I set it up at 48KHz/16bit and ran multiple tests. I tried it with only one of the subs on (three passes on each), with both of them on, with different crossover settings on the receiver, different speaker size settings on the receiver, and I even tried moving both subs farther away from the wall. There wasn't much difference no matter what I did. 

Any thoughts or suggestions? Am I doing something wrong that you can see? I did have some challenges getting it set up and working. I had to run out and get an external sound card since my laptop only has mic in and it wouldn't work with the built-in sound card. 

Then I started receiving a message saying the level was low (-64dB) when I did the level check prior to measuring. I messed around with it for a while, read tons of stuff on this sites, and reread the help files. I couldn't find anything wrong with the configs or the connections but it still read really low. I went ahead and ran the measurement a few times and then it finally started showing -21 - -26 when I ran the level check on some of the last few tests. I have no idea why it changed since i didn't change anything. Could lower battery level in the meter cause this behavior? I don't have a 9v battery around the house so I couldn't try that.


----------



## brucek (Apr 11, 2006)

> Any thoughts or suggestions?


Looks like a nice theater.

The RadioShack meter should output sufficient level for most any soundcard. Usually we use the meter on its 80dBSPL scale. If the battery shows good, I don't see a problem there.

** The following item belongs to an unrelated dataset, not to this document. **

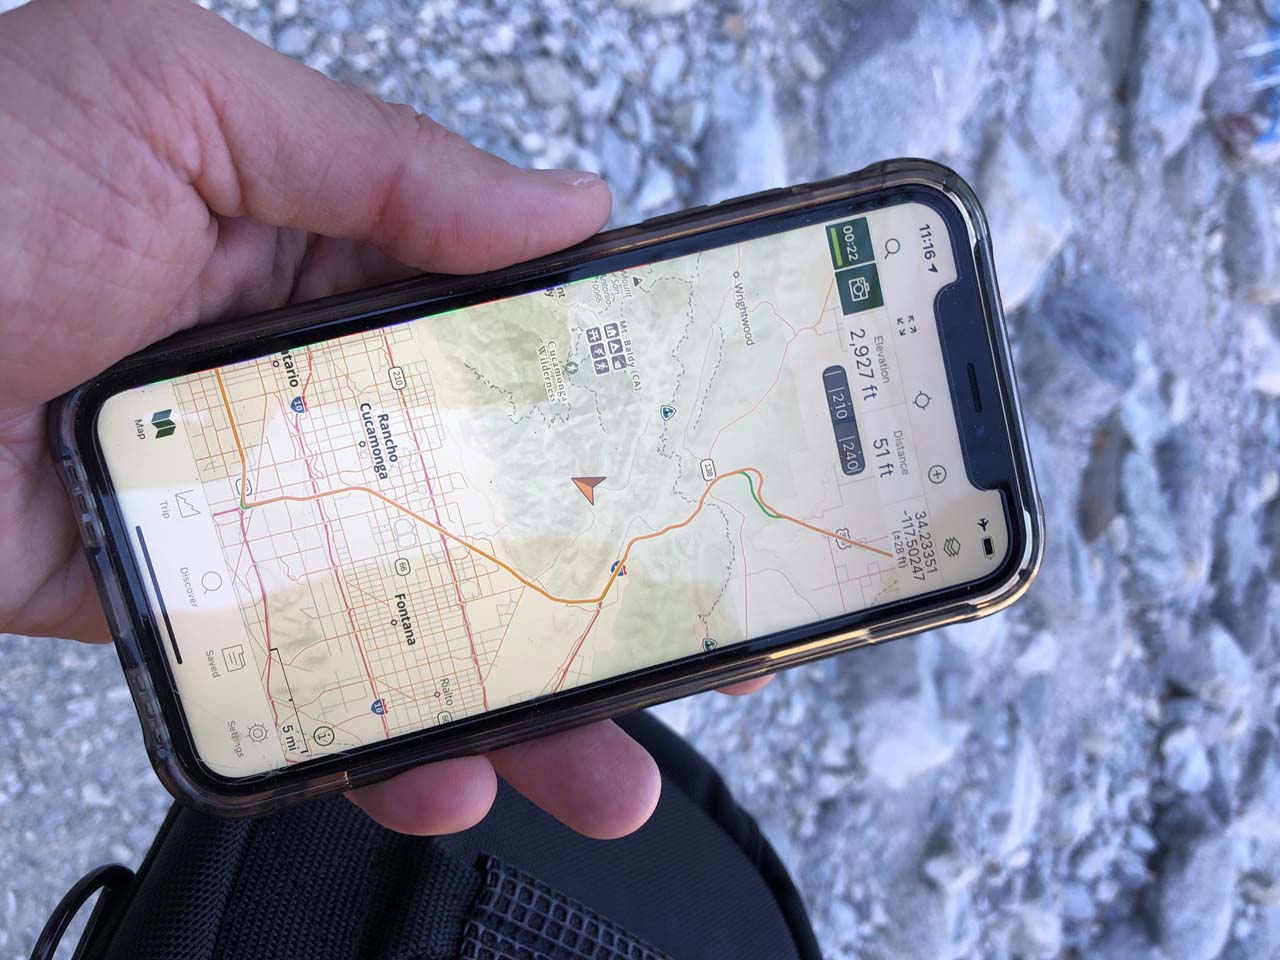 Gaia GPS has proven to be a powerful tool, especially considering the manner and types of hikes that I've done over the years
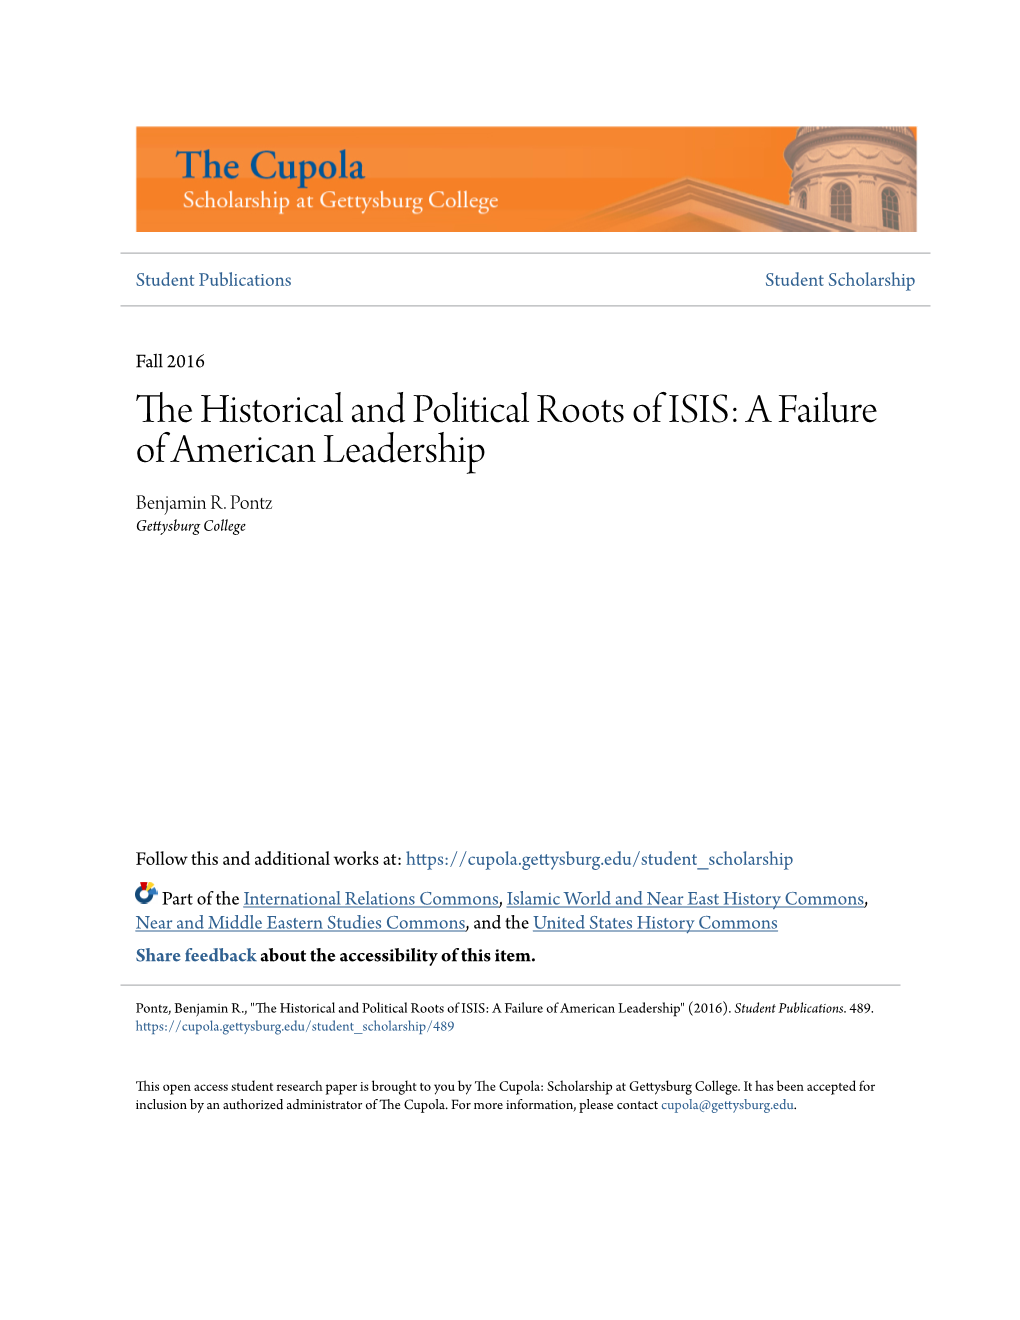 The Historical and Political Roots of ISIS: a Failure of American Leadership

Hopefully you are using a mono RCA cable from the meter and connecting that to a mono to stereo adapter at the soundcards line-in jack. The intermittent change in level you mentioned may be a result of the adapter not making great contact at the plug. You could play around with that a bit.

Generally we start measuring with sub(s) only, with the mains shut off, and the receiver in stereo mode, with all effects off. This allows you to examine and equalize the subs without the influence of any other speakers.

Two subs are difficult to equalize, but has the advantage of using their positioning as a form of equalization of the overall signal.

Anyway, you have a peak at ~36Hz. You need to equalize it out. Not a big deal. Once that peaks gone, you'll be able to turn up the wholesale level of the sub to match the level of the mains and it will sound much better.

I would start with a sub only measurement and show us that.... 

brucek


----------



## Otto (May 18, 2006)

Hi Rich and welcome to the Shack!

In general, your measurement looks like you have things set up properly. Did you use the cal file for your meter, and did you get the loopback test to work (the loopback test will generate your soundcard cal). If you got that stuff working, I think you have a real measurement there!

Now, you're right about it not looking so hot. The first thing I might suggest is turning off your mains for the measurement; it looks like they are still on since the measurement is running up to and beyond 200 Hz. Let's see how those subs look without the mains in the way. 

Once you get a measurement of that, I'd probably suggest moving your subs around. I would probably start by simply stacking them together, one on top of the other. I would not confine them strictly to the corner; feel free to move them out somewhat. I'd also experiment with different corners, but since your room appears to be rather rectangular, you might not notice much difference. 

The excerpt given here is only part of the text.